Нечто вроде девичьей застенчивости, смешанной с желанием оттянуть как можно дальше необходимость что-то объяснять, заставило Гарри не ухватиться за этот шанс на спасение и отречься от собственного имени. Он предпочел довериться садовнику, который, по крайней мере, ничего не знал о нем, а не думать о том, к чему могут привести любопытство и, возможно, сомнения знакомого ему человека.

– Боюсь, что произошла какая-то ошибка, – сказал он. – Меня зовут Томлинсон, и я друг мистера Рэберна.

– В самом деле? – удивился мистер Роллз. – Сходство просто поразительное.

Мистер Рэберн, который нетерпеливо переминался с ноги на ногу, слушая этот разговор, почувствовал, что сейчас самое время прекратить его.

– Что ж, приятной вам прогулки, сэр, – сказал он.

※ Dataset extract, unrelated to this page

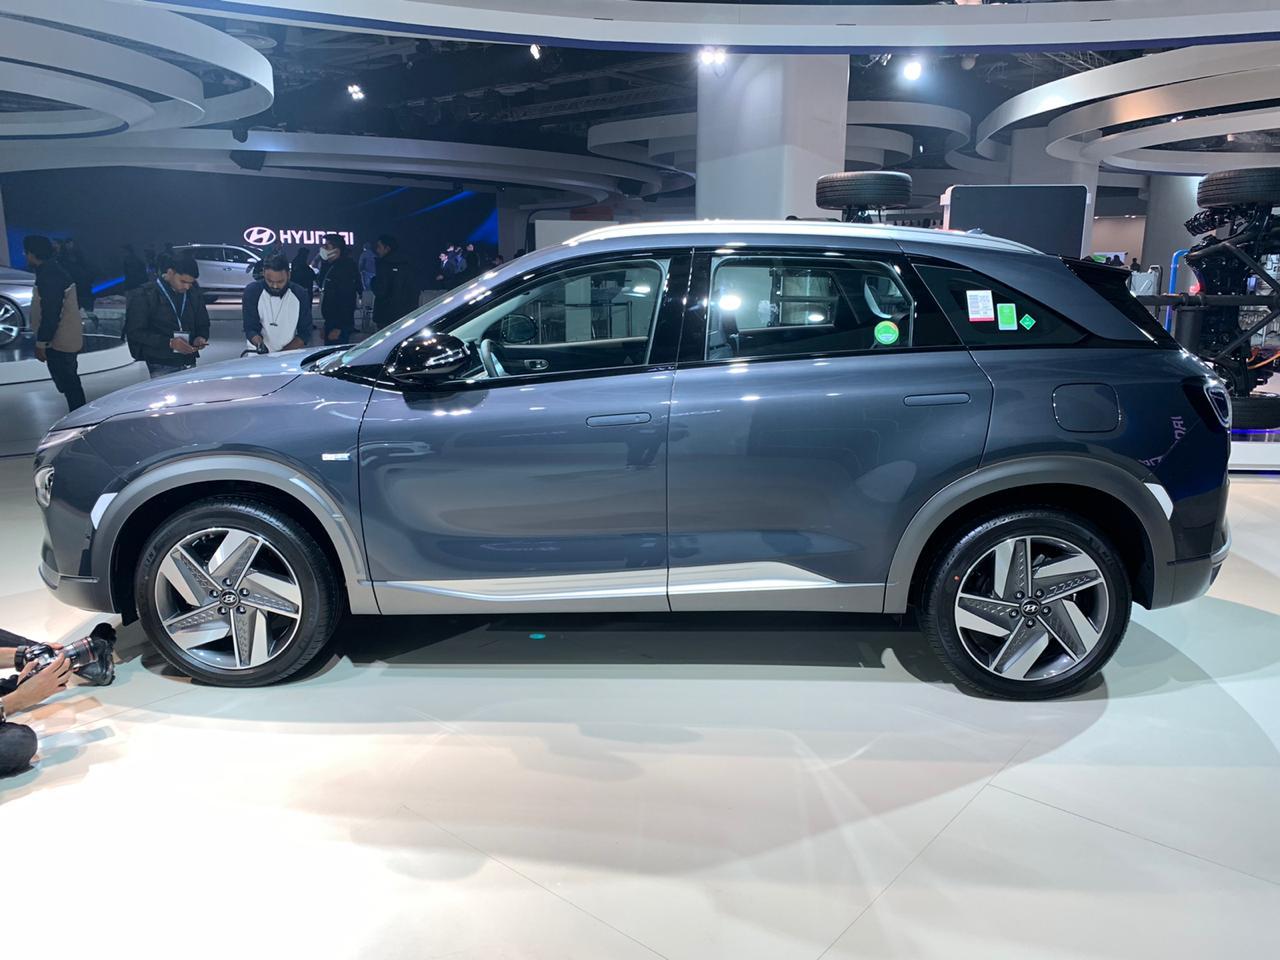 Hyundai Nexo side view - Auto Expo 2020

С этими словами он втащил Гарри в дом, а потом – в комнату с окном в сад. Первым делом он опустил штору, поскольку мистер Роллз, озадаченно сдвинув брови, все еще стоял там, где они его оставили. Потом он высыпал на стол содержимое разорванной картонки и с восторженным видом уставился на сокровища жадными глазами, потирая руками бедра. Гарри испытал новые муки, глядя на искаженное алчностью лицо. Он никак не мог поверить, что из чистого и безмятежного мира он единым духом был вырван в отвратительный мир низких и преступных побуждений. Он не помнил за собой ни одного прегрешения, но теперь его ждало наказание в его самой изощренной и жестокой форме – ожидание наказания, подозрения честных людей и компания злых и грубых личностей. Ему казалось, что он с радостью отдал бы жизнь свою, лишь бы оказаться подальше от этой комнаты и лишиться общества мистера Рэберна.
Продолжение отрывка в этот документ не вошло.